Bovis has posted a surge in pre-tax profits for the first half of the year, ahead of expectations, after stepping up its build quality.
- Strong H1 performance with £62m profit before tax, compared with 42.7m last year;
- Further strengthened balance sheet with a move to an average net cash position in the period of £6m (2017: average net debt £96m) and a period end net cash position of £42.8m (2017: net debt £32.4m);
- Interim dividend increased by 27% to 19 pence per share and first special dividend of 45 pence per share to be paid with the interim in November;
- Strong sales position with 96% of 2018 sales secured;
- Following robust summer trading and with increased visibility on margin improvement, the Group now expects profits for FY18 to be at the top end of the Board’s expectations;
- On track to deliver minimum of £180m total cash proceeds from balance sheet optimisation initiatives by end of 2018.
Greg Fitzgerald, Chief Executive said, “We delivered a strong performance in the half with a more than 40% increase in profits. This reflects the excellent progress made across all business areas over the past 18 months and a step change in the quality of the homes we are building and level of service we are providing our customers. We are confident in the outlook for the business and are targeting a record year of profits in 2018, at the top end of the Board’s expectations.”
“Improving our build standards and delivering these higher standards consistently across all our developments remains a key priority, and over the past 18 months we have invested in high quality construction directors, site managers and site teams. Our regional management teams have embedded a far greater ‘hands on’ approach and best practice is now promoted and shared across our seven regions.

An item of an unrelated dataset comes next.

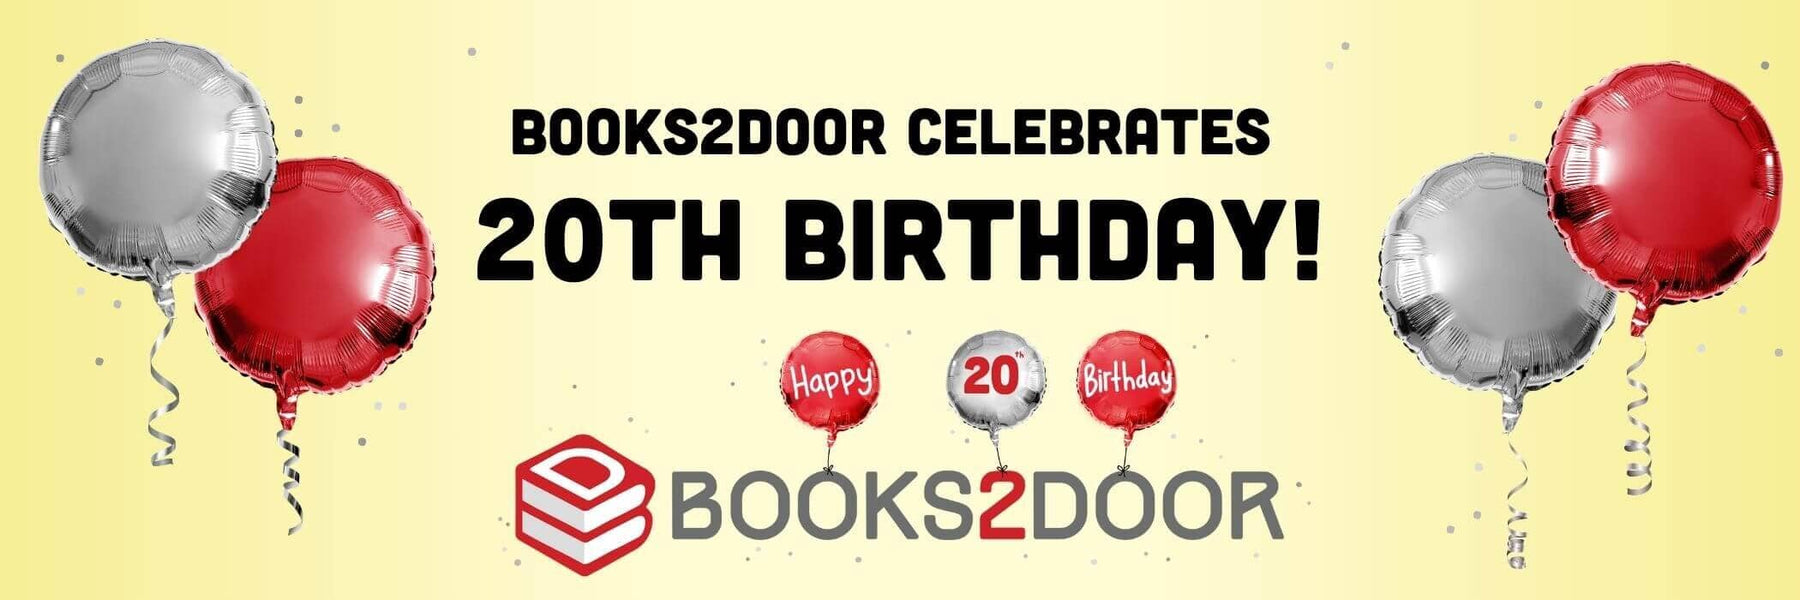 Books2Door Celebrates its 20th Birthday!
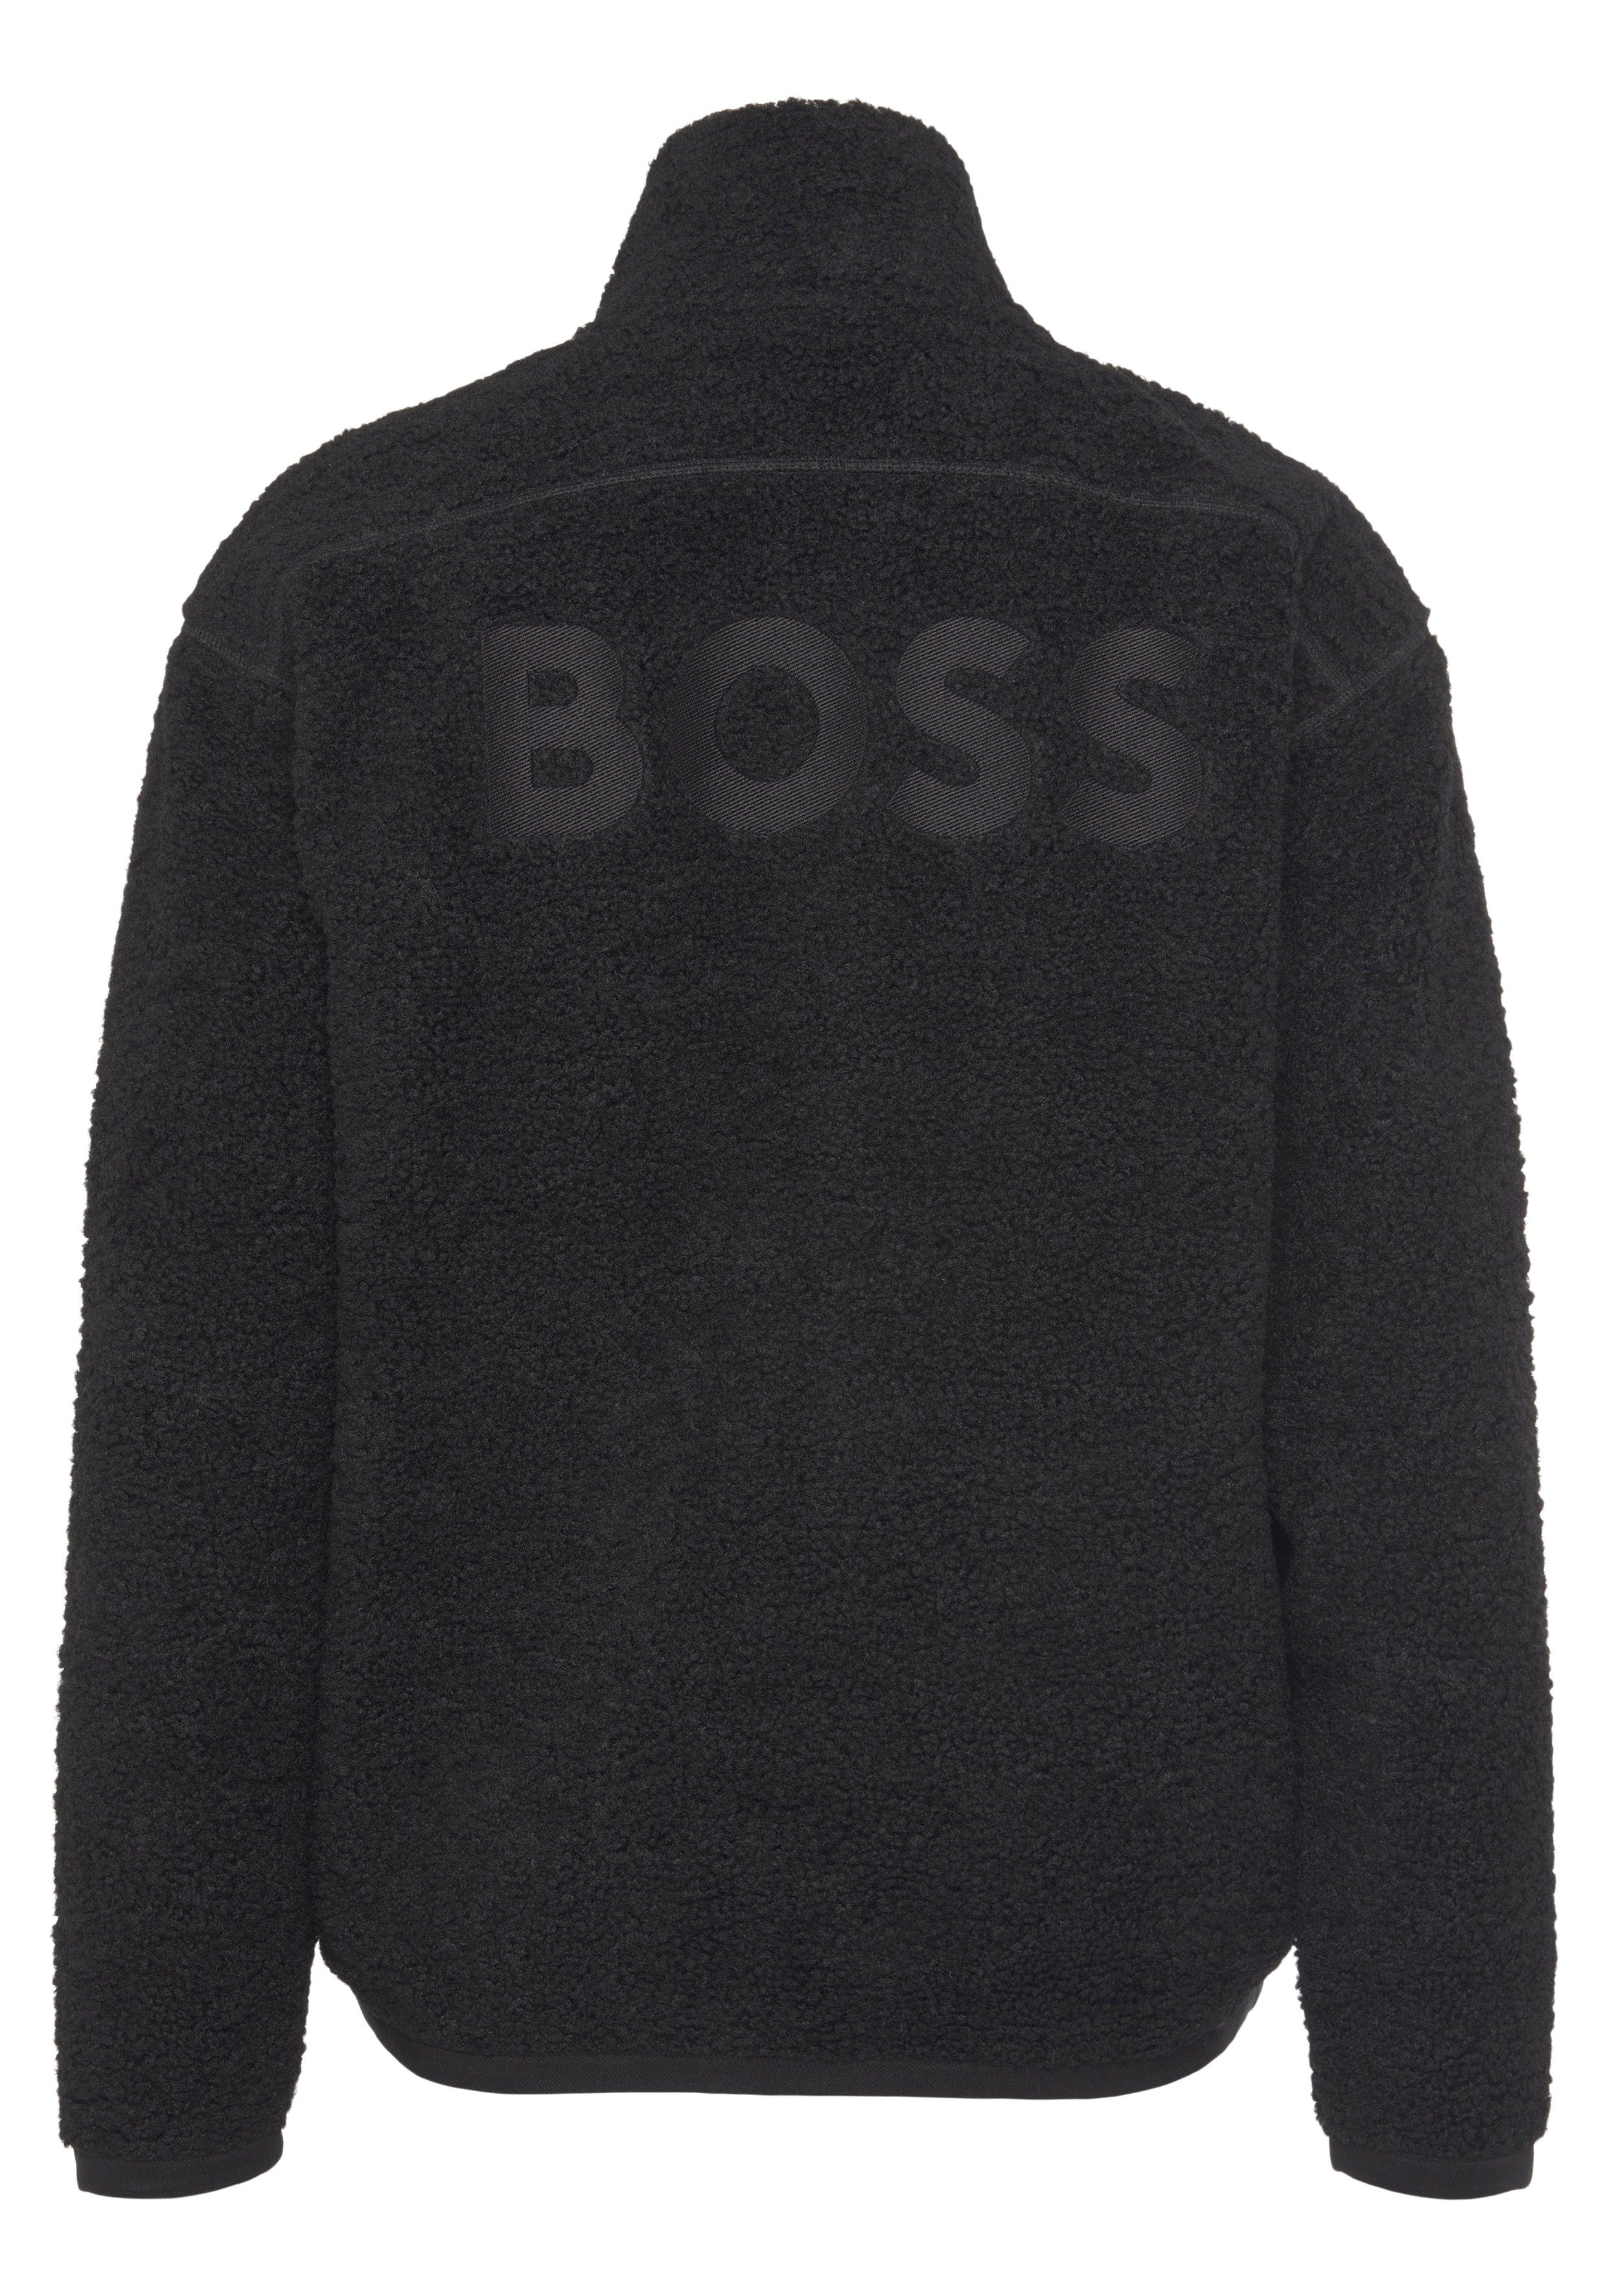 BOSS ORANGE 10239063 Stickerei Sweatshirt Black001 01 mit BOSS großer Rücken Zeteddy auf dem

“We have seen our NHBC reportable items decrease by 66% since December 2016, and they are now slightly lower than the industry average. We are proud to disclose that our recent NHBC Construction Quality Review highlighted a significant step up in our build quality and in ‘getting it right first time’, with the Group now aligned to industry standards.
“The market fundamentals remain strong and we continue to see good levels of demand for new homes across all our regions with underlying pricing firm. Interest rates continue to be at historic lows with good competition in the mortgage lending market. The Government remains committed to increasing the supply of new homes in the UK reflected in its policy on housing and planning and commitment to Help to Buy.”